Large arrays with millions of elements and performing integer comparisons - What is the right way?
I'm currently working on user follow system at CrazyEngineers which will replace the connections. If you are viewing someone's followers, we want to show how many of those followers you follow, and follow you; similar to what Twitter does.
Now this basic system is ready and I was able to get it done with just few basic queries; keeping the overall query count per page to 10. Which, I believe is good!
Currently we do it the simple way: Load all the followers in array and then check if authenticated user's ID matches. This system should work for users with say 5K - 10K or even 30K followers.
Now, I was wondering, what if a user has a million or say 10 million followers. Does it make sense to load the "IDs" of all those followers into memory and perform the check?
Or is there any way to do it more efficiently?Posted in: #Databases #Programming #Big Data
I'd check something like the array_intersect function to see mutual followers, and the array_diff function to see which ones I don't follow. Combine that into a flag, and use that.

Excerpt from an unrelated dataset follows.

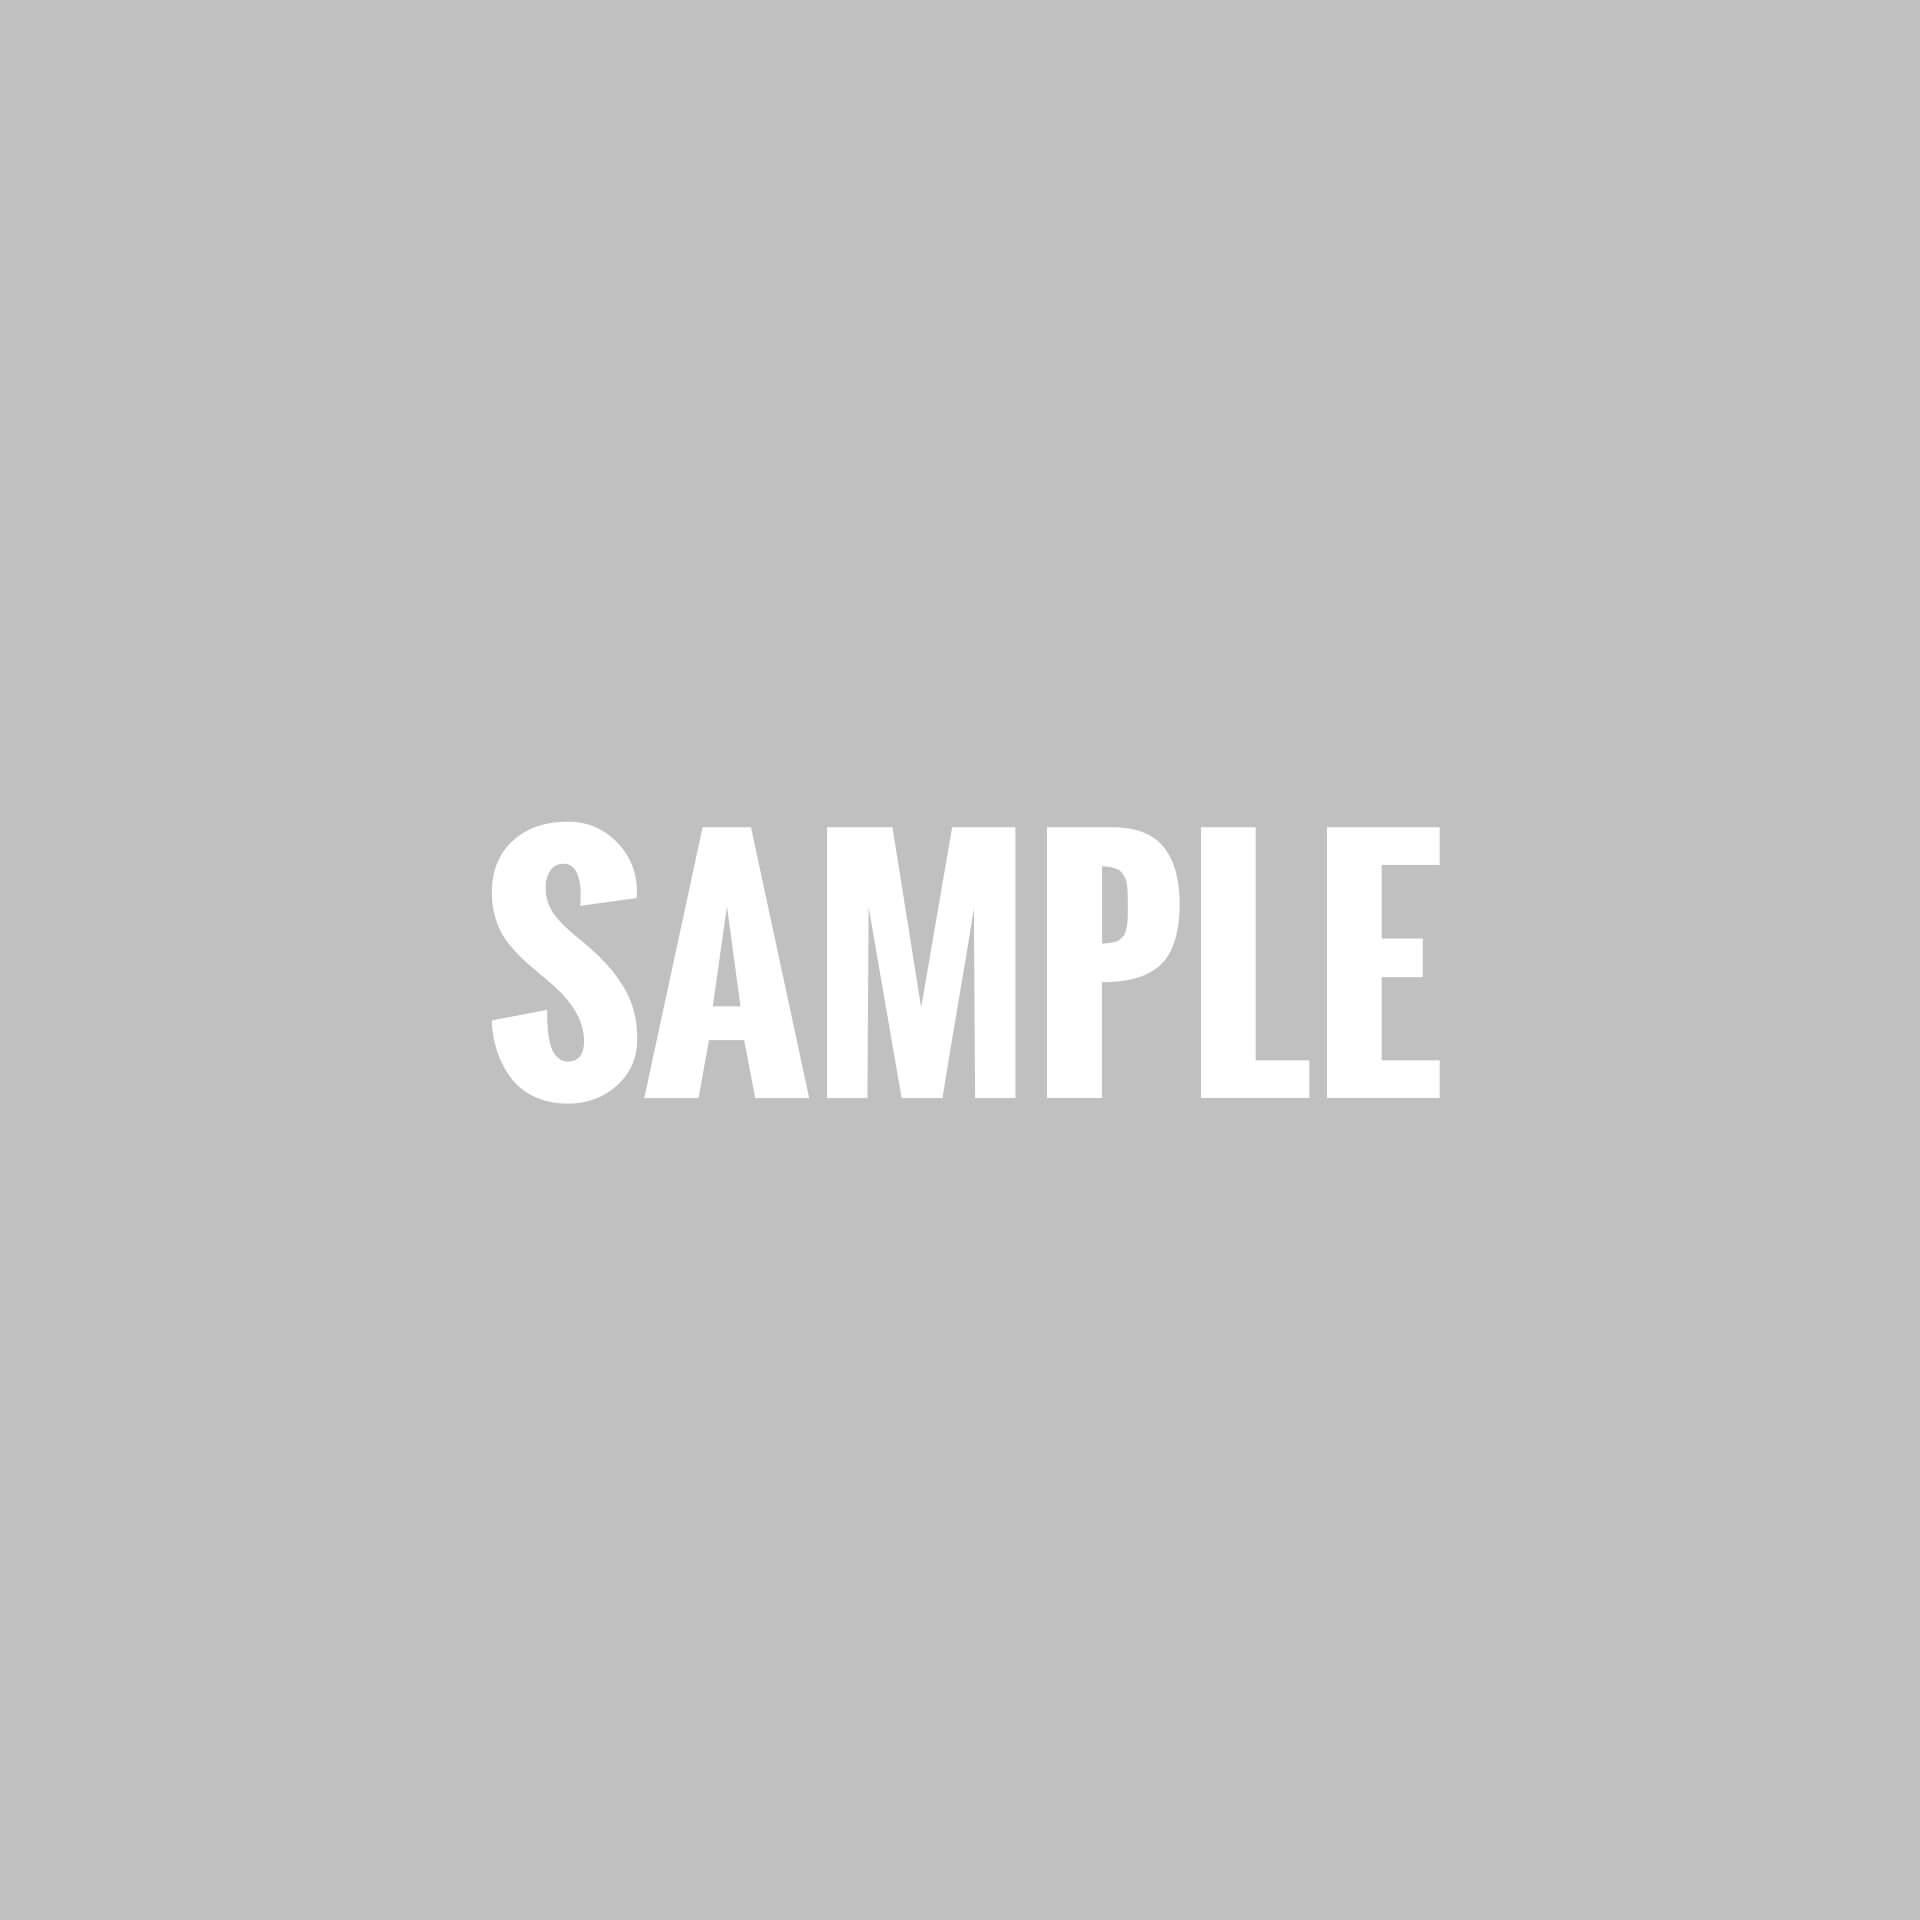 sample_3-1920x1920

Yeah, mutual followers can be checked if the available list of followers is available in an array. However, consider a person having say 10 million followers. In that case, do we need to load all the 10 million followers IDs in the database OR is there a better way to achieve this? Right now array functions in PHP do the job and I think it should work till a few tens of thousands of users.
I'm considering a hypothetical case when we've to load say a million IDs in database. Would it still work?
No. Not unless you put in pagination :)
We are trying to reduce the memory and computation costs here and pagination does just that. One could always debate the additional clicks the user has to do vs the computing savings. However, at a million followers, you might as well think of a better mechanism for showing followers (like search and categories).
At the end of it, I would ask you this - is all this tam jhaam really necessary? Doesn't this seem like a death by feature creep?
Not necessary 😀 . I'm just a curious cat!
Pagination is already in place. But at some point of time, there will be a case where authenticated user's ID will have to be checked against millions of records. At least - I think that's how Twitter does it. I could be a different thing with Graph databases (and I've no idea how they work). But with RDBMS, this definitely is something that's been bothering me.
I think this problem is better solved when it actually is a problem! Thank you for your response though. 👍